The commonly used post-processing method in object detection based on deep learning is NMS（ Nonmaximal Value suppression ）, It can be used to filter the bounding boxes with poor prediction of the same target , also Only candidate bounding boxes with high response are reserved .NMS Try to improve the way with the objective function The optimization method is consistent .NMS The original method did not consider the background information , therefore Girshick etc. people [19] stay R-CNN The classification confidence score is added as a reference , And score according to trust The order of numbers , Perform greedy from high to low NMS. as for soft NMS[1], It focuses on such a problem , That is, target occlusion may result in IoU The greed of scores NMS The confidence score of . be based on DIoU Of NMS[99] The developer's idea is to soft NMS Add the distance information of the center point to BBox In the process of screening . Worth Pay attention to is , Because the above post-processing methods do not directly involve the extraction of feature map , therefore Without using anchor The post-processing is no longer required in the subsequent development of the method .

3. Methodology Method

The basic aim is fast operating speed of neural network, in production systems and optimization for parallel computations, rather than the low computation volume theoretical indicator (BFLOP). We present two options of real-time neural networks:

For GPU we use a small number of groups (1 – 8) in convolutional layers: CSPResNeXt50 / CSPDarknet53
For VPU – we usegrouped-convolution, but we refrain from using Squeeze-and-excitement (SE) blocks – specifically this includes the following models: EfficientNet-lite / MixNet [76] / GhostNet [21] / MobileNetV3

The basic purpose is the fast running speed of the neural network in the production system and the parallel computing Optimize , Instead of low computational theoretical indicators （BFLOP）. We propose two kinds of real-time gods Via Internet ：

about GPU, We use a small number of groups in the convolution layer （1-8）：CSPResNeXt50 / CSPDarknet53
about VPU, We use packet convolution , But avoid using Squeeze-andexcitement (SE)blocks. It includes the following models ：EfficientNet-lite / MixNet [76] / GhostNet[21] / MobileNetV3

3.1 Selection of architecture Schema selection

Our objective is to find the optimal balance among the input network resolution, the convolutional layer number, the parameter number (filter size2 * filters * channel / groups), and the number of layer outputs (filters).
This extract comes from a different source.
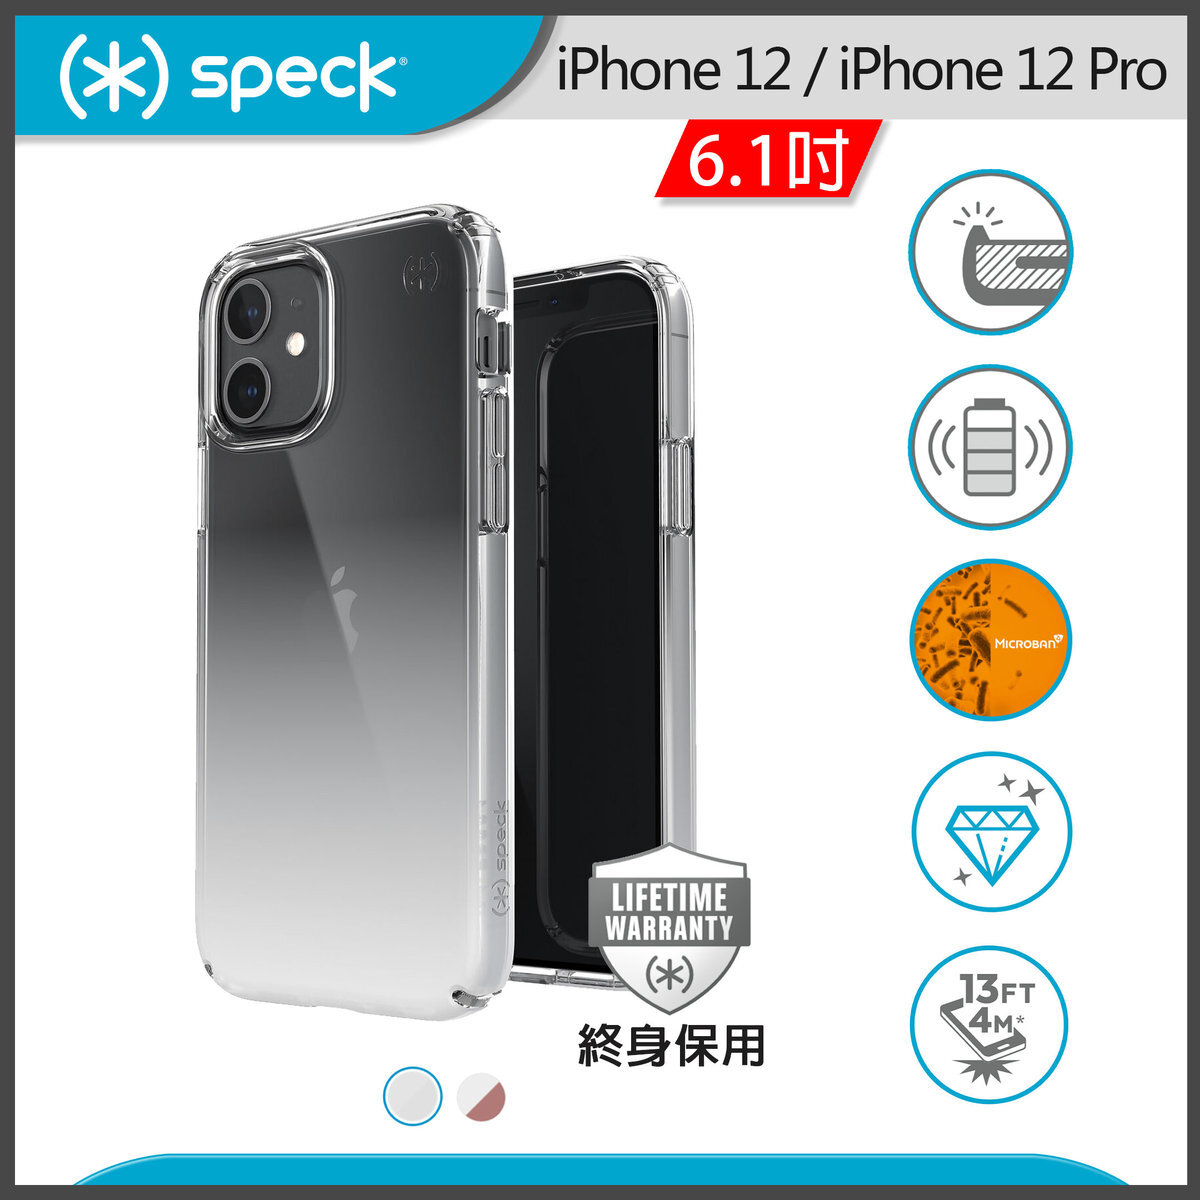 Speck Apple Iphone 13 Pro Presidio Perfect Clear Ombre Case

For instance, our numerous studies demonstrate that the CSPResNext50 is considerably better compared to CSPDarknet53 in terms of object classification on the ILSVRC2012 (ImageNet) dataset [10]. However, conversely, the CSPDarknet53 is better compared to CSPResNext50 in terms of detecting objects on the MS COCO dataset [46].
Our goal is to input network resolution 、 Number of convolution layers 、 The number of arguments （ Convolution nucleus 2 * Number of convolution kernels * The channel number / Group number ） And the number of outputs per layer （ filter ） Between look for To The best balance . For example, many of our studies have shown that CSPResNext50 stay ILSVRC2012(ImageNet) The target classification effect on the dataset is better than CSPDarknet53 good quite a lot . However ,CSPDarknet53 stay MS COCO The target detection effect on the dataset is better than CSPResNext50 Better .
The next objective is to select additional blocks for increasing the receptive field and the best method of parameter aggregation from different backbone levels for different detector levels: e.g. FPN, PAN, ASFF, BiFPN.
The next goal is to choose additional blocks To expand the receptive field , From different levels of backbone In order to achieve different levels of detection results , example Such as FPN、PAN、ASFF、BiFPN.
A reference model which is optimal for classification is not always optimal for a detector. In contrast to the classifier, the detector requires the following:

 Higher input network size (resolution) – for detecting multiple small-sized objects
More layers – for a higher receptive field to cover the increased size of input network
More parameters – for greater capacity of a model to detect multiple objects of different sizes in a single image

An optimal classification reference model is not always an optimal detector . Compared with classifiers , The detector needs to meet the following points ：

Larger input network size （ The resolution of the ）—— It is used to detect multiple small-size items mark
More layers —— Get a larger receptive field to adapt to the network input size An increase in
More parameters —— Obtain larger model capacity to detect multiple objects in a single image Objects of different sizes .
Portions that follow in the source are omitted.